The group also discussed the conflicting safety needs of children and seniors. Examples, such as pill bottles and stoves, were discussed. The group discussed the complexity of introducing assistive devices or technologies into the home. One member spoke of the difficulty in putting up grab bar rails. She mentioned that the placement of the grab bar rail depends on many factors, including the nature of the disability, the size of the person, the location of the wall studs, etc.

Priority: Conduct research (e.g. attitudes of seniors regarding unintentional injury prevention, precursors to fall injuries, what works and what does not). Data collection and surveillance resources are also required.

Strategic direction: knowledge development.

Overall objective: to increase our knowledge regarding unintentional injuries and seniors.

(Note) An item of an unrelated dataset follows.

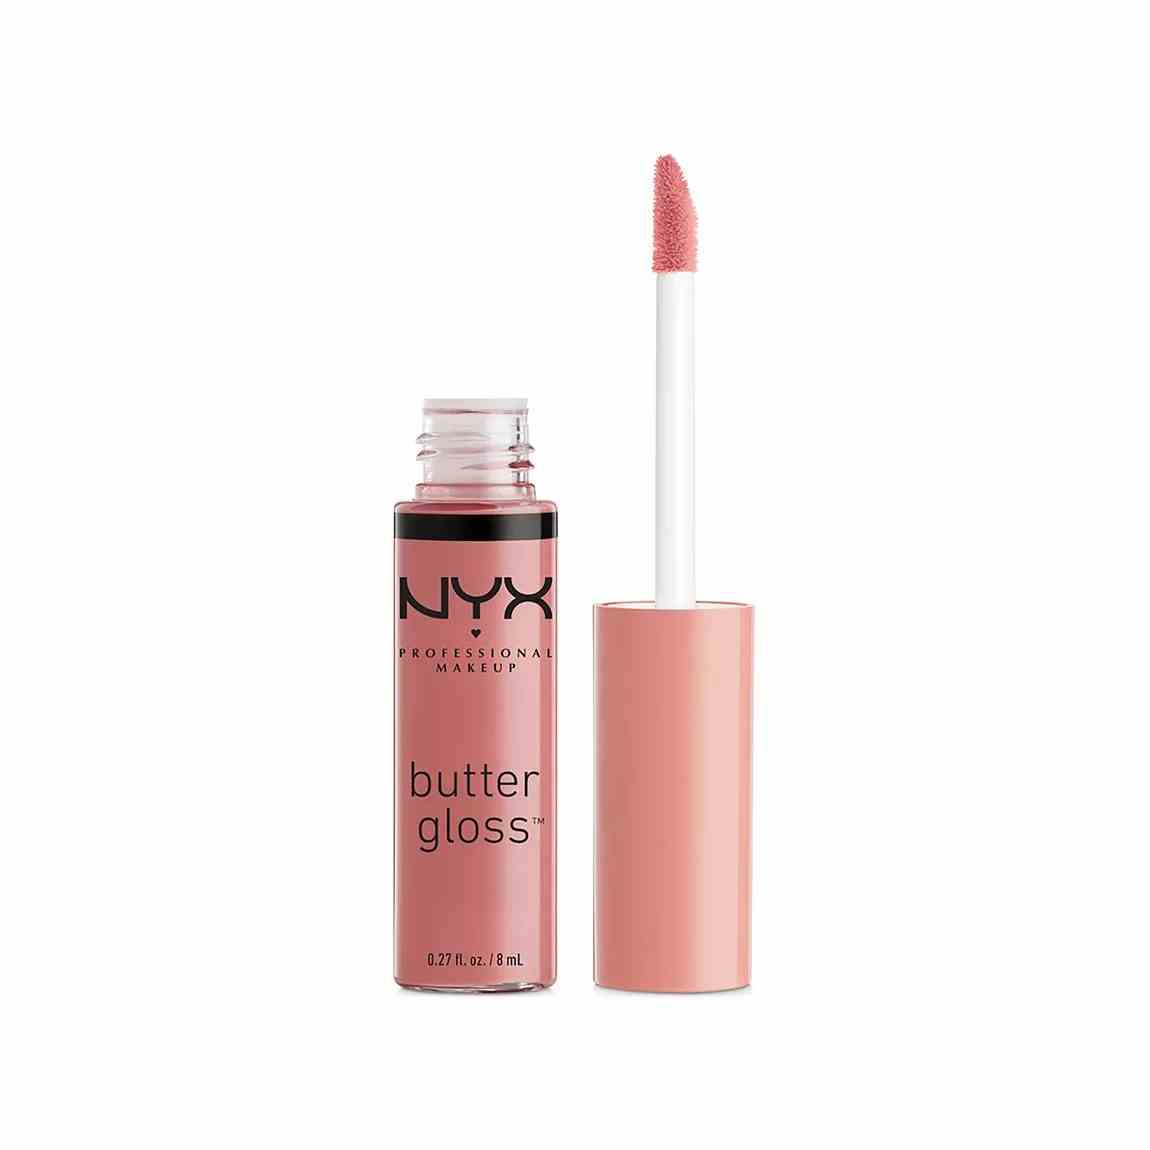 NYX Professional Makeup Butter Gloss transparente Tube Lipgloss in Nude-Pink mit Kappe in Nude-Pink und Fußapplikator auf weißem Hintergrund

Key partners: a high-profile spokesperson, general public (e.g. seniors, caregivers, families), media, professional groups, specific interest groups (e.g. farm injuries, Aboriginal, seniors with disabilities), all levels of government, advocacy groups, injury prevention groups, seniors organizations, VON (Victorian Order of Nurses), VAC (Veterans Affairs Canada), insurance industry, emergency services (e.g. fire department, ambulance), funding bodies, Canadian Standards Association, the SmartRisk Foundation, Canadian Health Network, geriatric nurses, building trade (building codes), building inspectors, product manufacturers, surveillance, CHIRPP (Canadian Hospitals Injury Reporting and Prevention Program).

Other comments: What we have learned about preventing falls in seniors can be applied to the prevention of other unintentional injuries among seniors. There is currently a great deal of "pooling" of researchers across the country. It is crucial that there be appropriate representation of those knowledgeable about injury prevention among seniors included in collaborative initiatives.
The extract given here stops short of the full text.